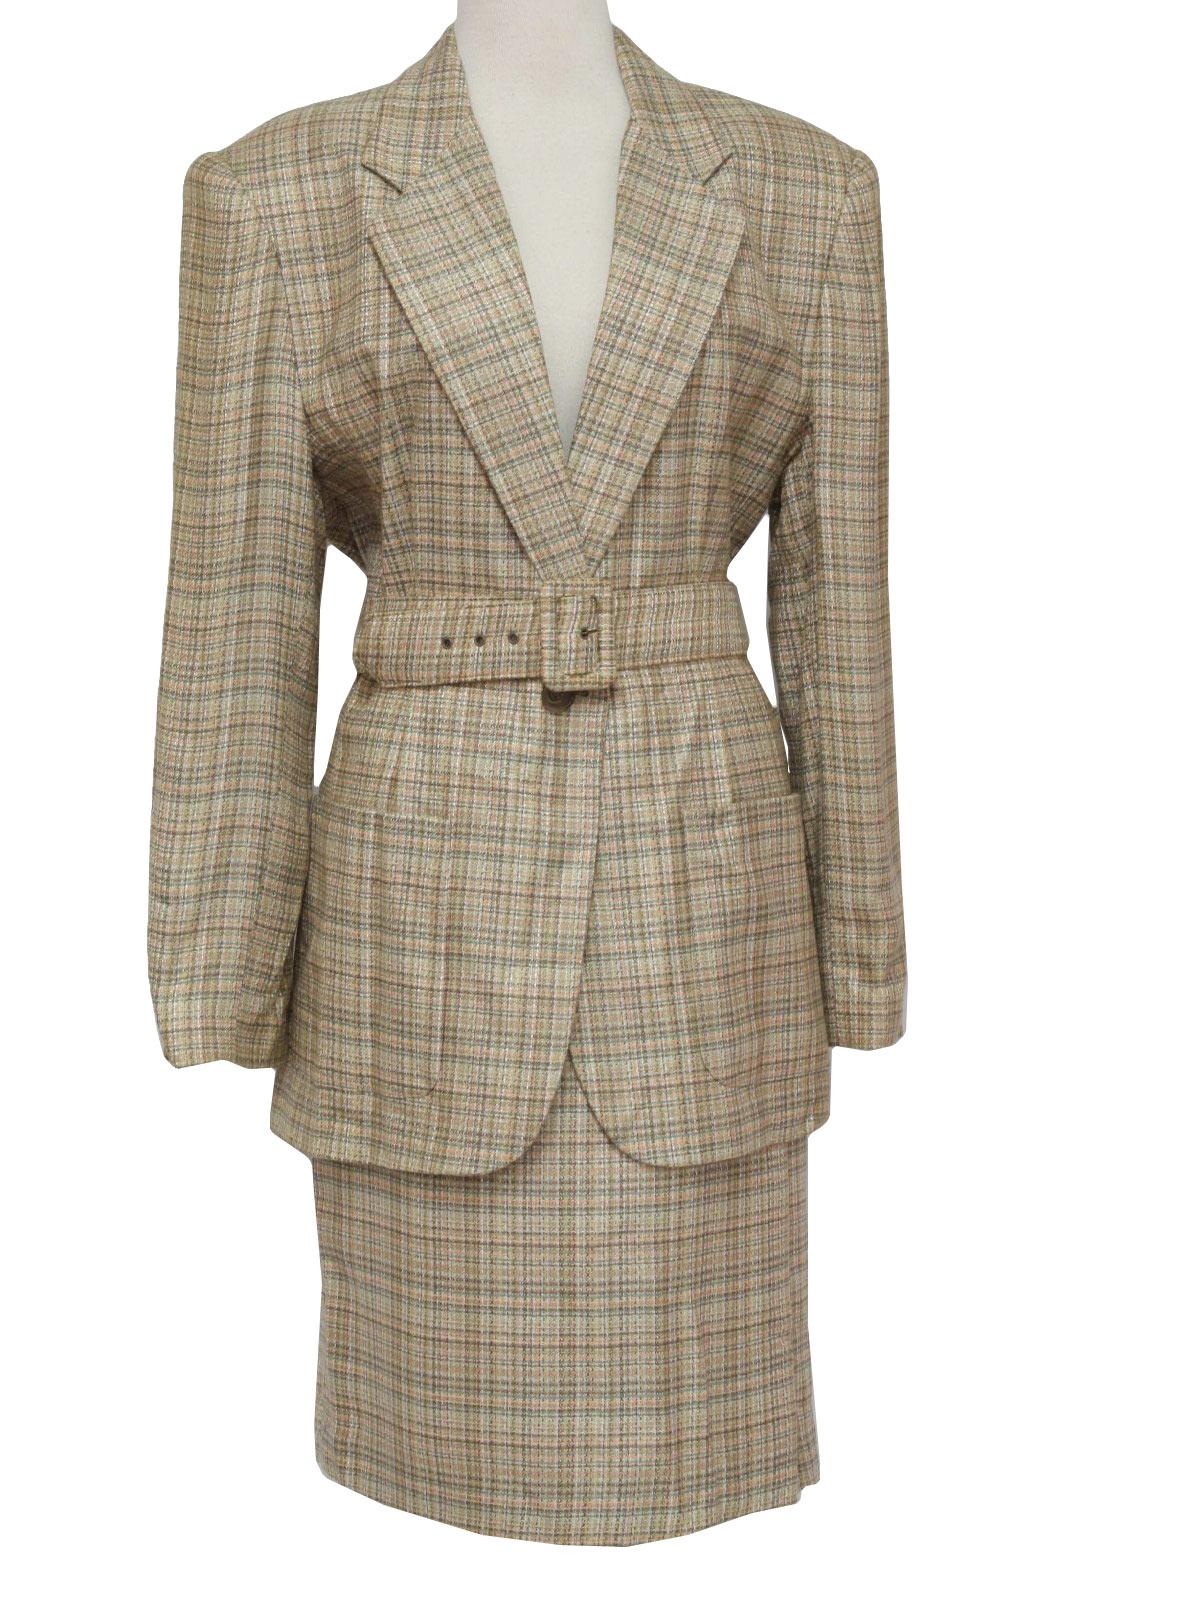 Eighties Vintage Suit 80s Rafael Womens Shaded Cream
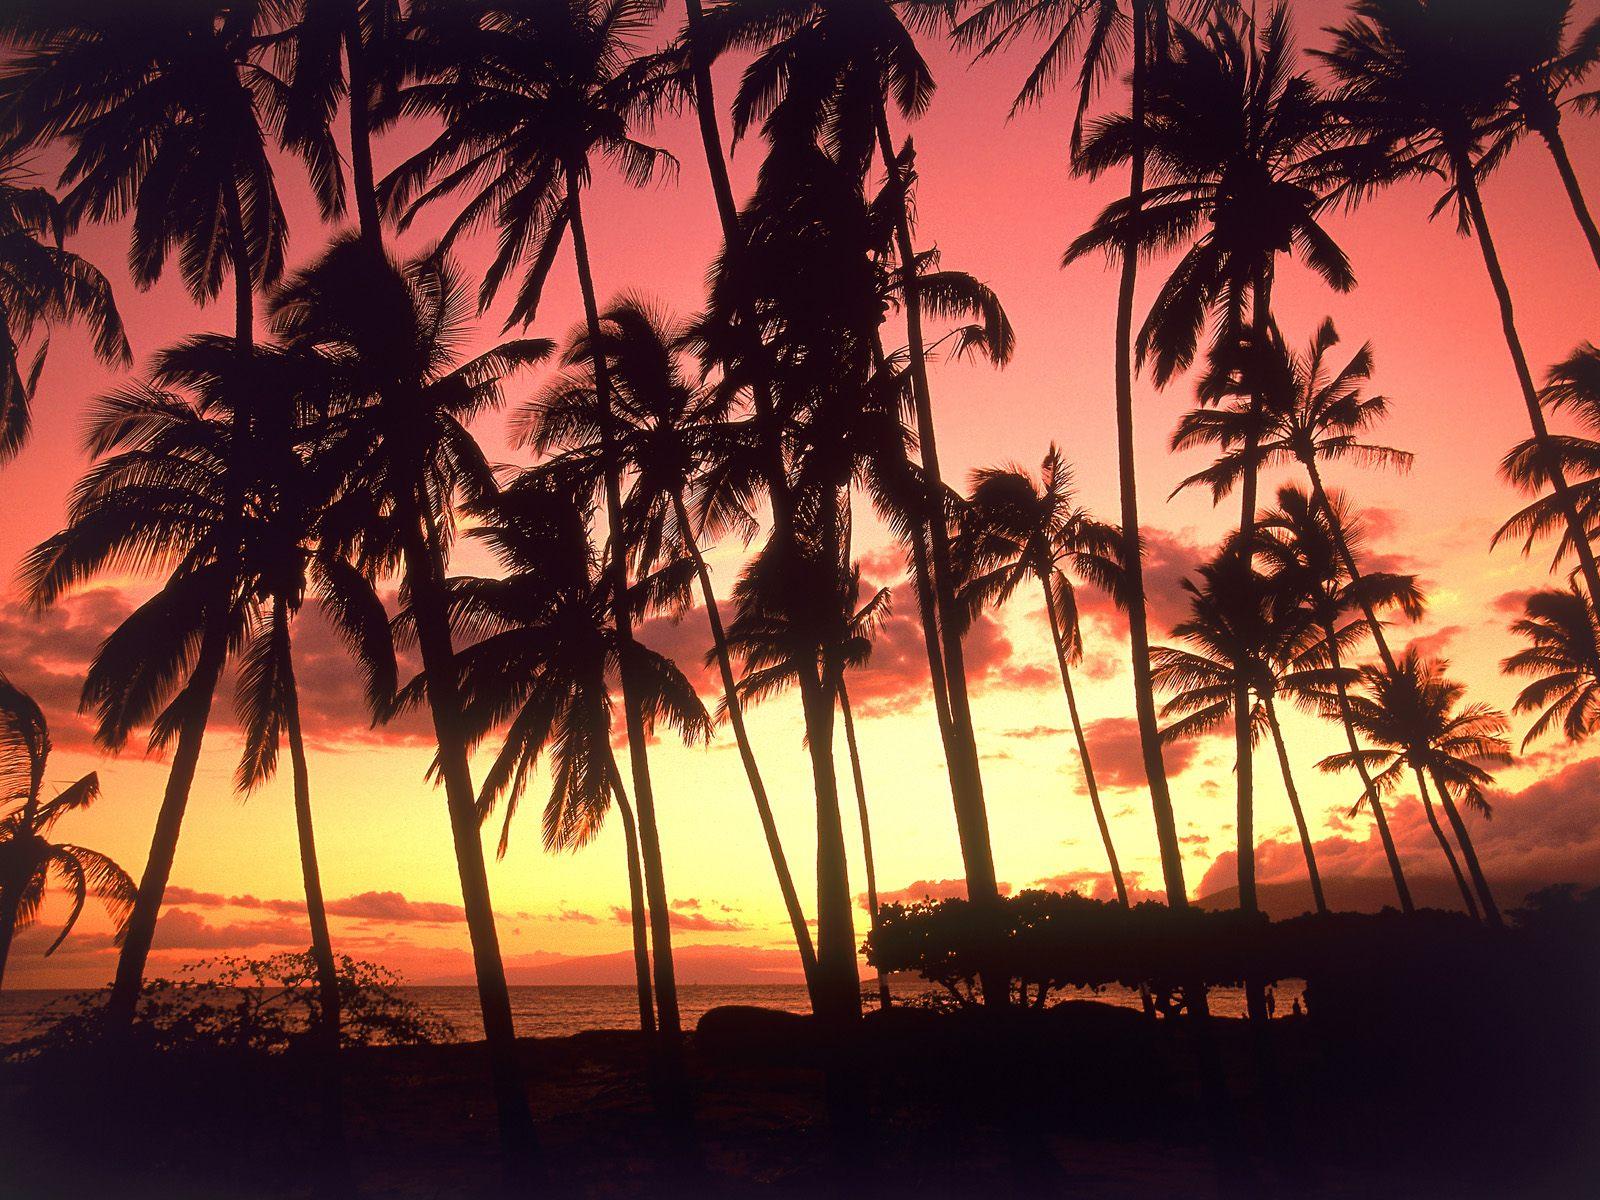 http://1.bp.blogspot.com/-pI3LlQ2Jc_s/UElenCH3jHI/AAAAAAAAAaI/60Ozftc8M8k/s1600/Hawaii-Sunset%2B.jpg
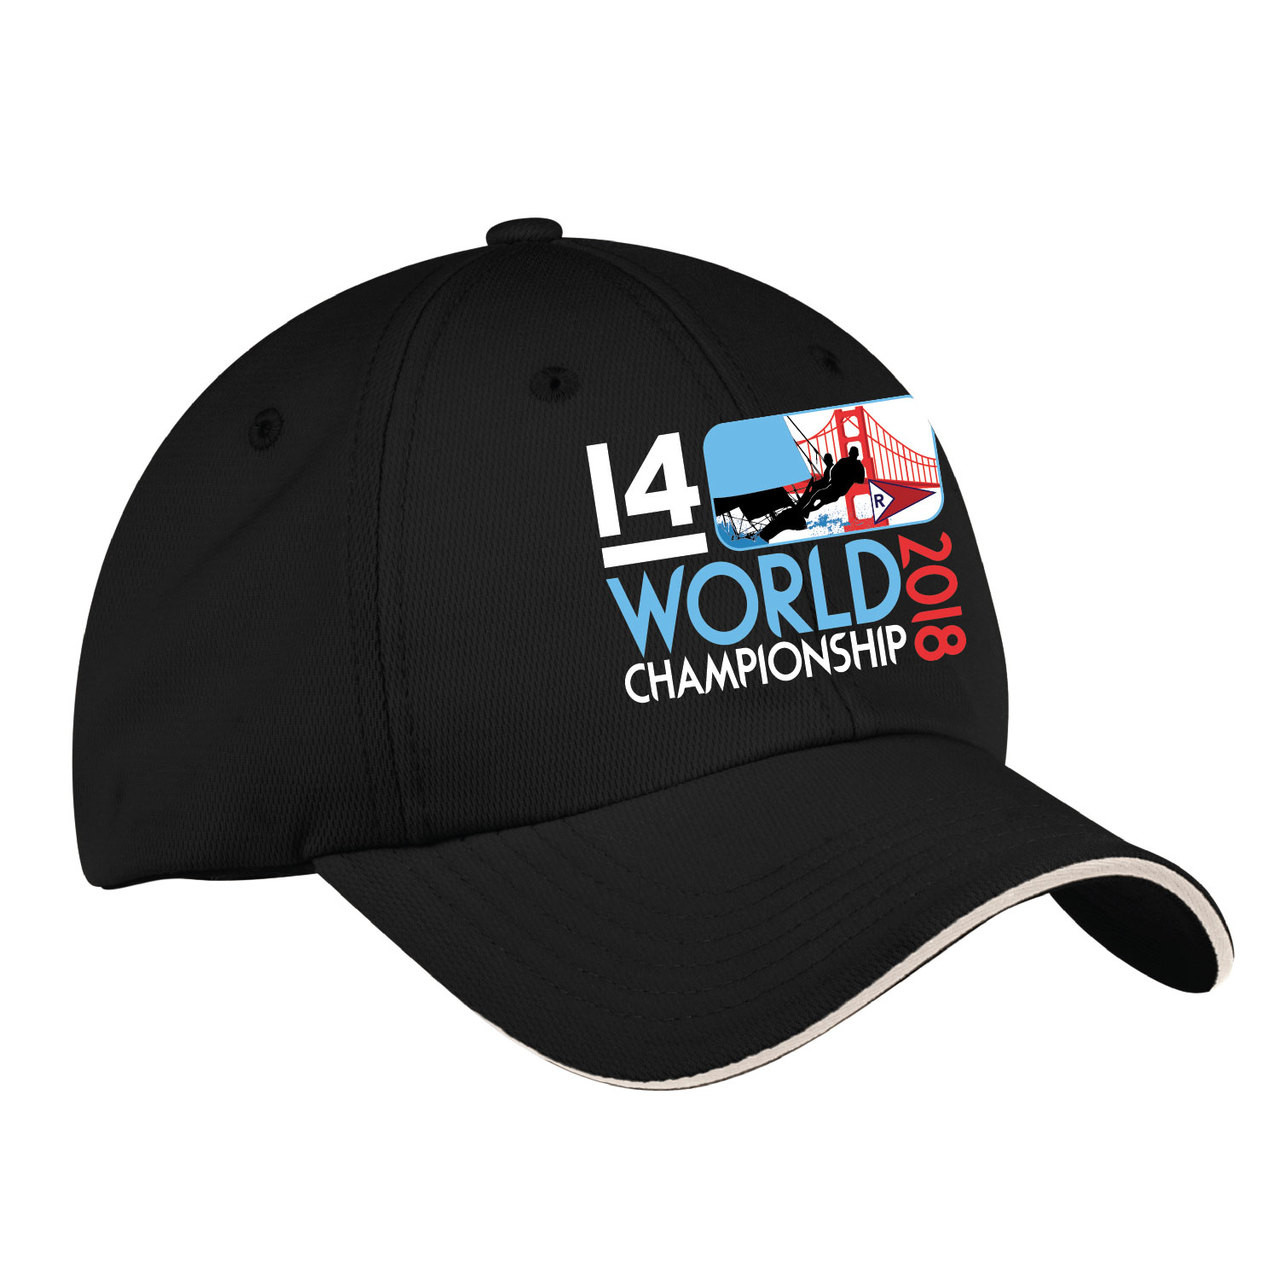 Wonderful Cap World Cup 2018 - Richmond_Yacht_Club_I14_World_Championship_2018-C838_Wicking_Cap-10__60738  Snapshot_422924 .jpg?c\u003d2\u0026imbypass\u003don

————————

EXERCISE OBJECTIVE: All of the data above should be printed again exactly, though none of the pictures belong in the copy.

EXERCISE RESPONSE:
 Eighties Vintage Suit 80s Rafael Womens Shaded Cream
 http://1.bp.blogspot.com/-pI3LlQ2Jc_s/UElenCH3jHI/AAAAAAAAAaI/60Ozftc8M8k/s1600/Hawaii-Sunset%2B.jpg
 Wonderful Cap World Cup 2018 - Richmond_Yacht_Club_I14_World_Championship_2018-C838_Wicking_Cap-10__60738  Snapshot_422924 .jpg?c\u003d2\u0026imbypass\u003don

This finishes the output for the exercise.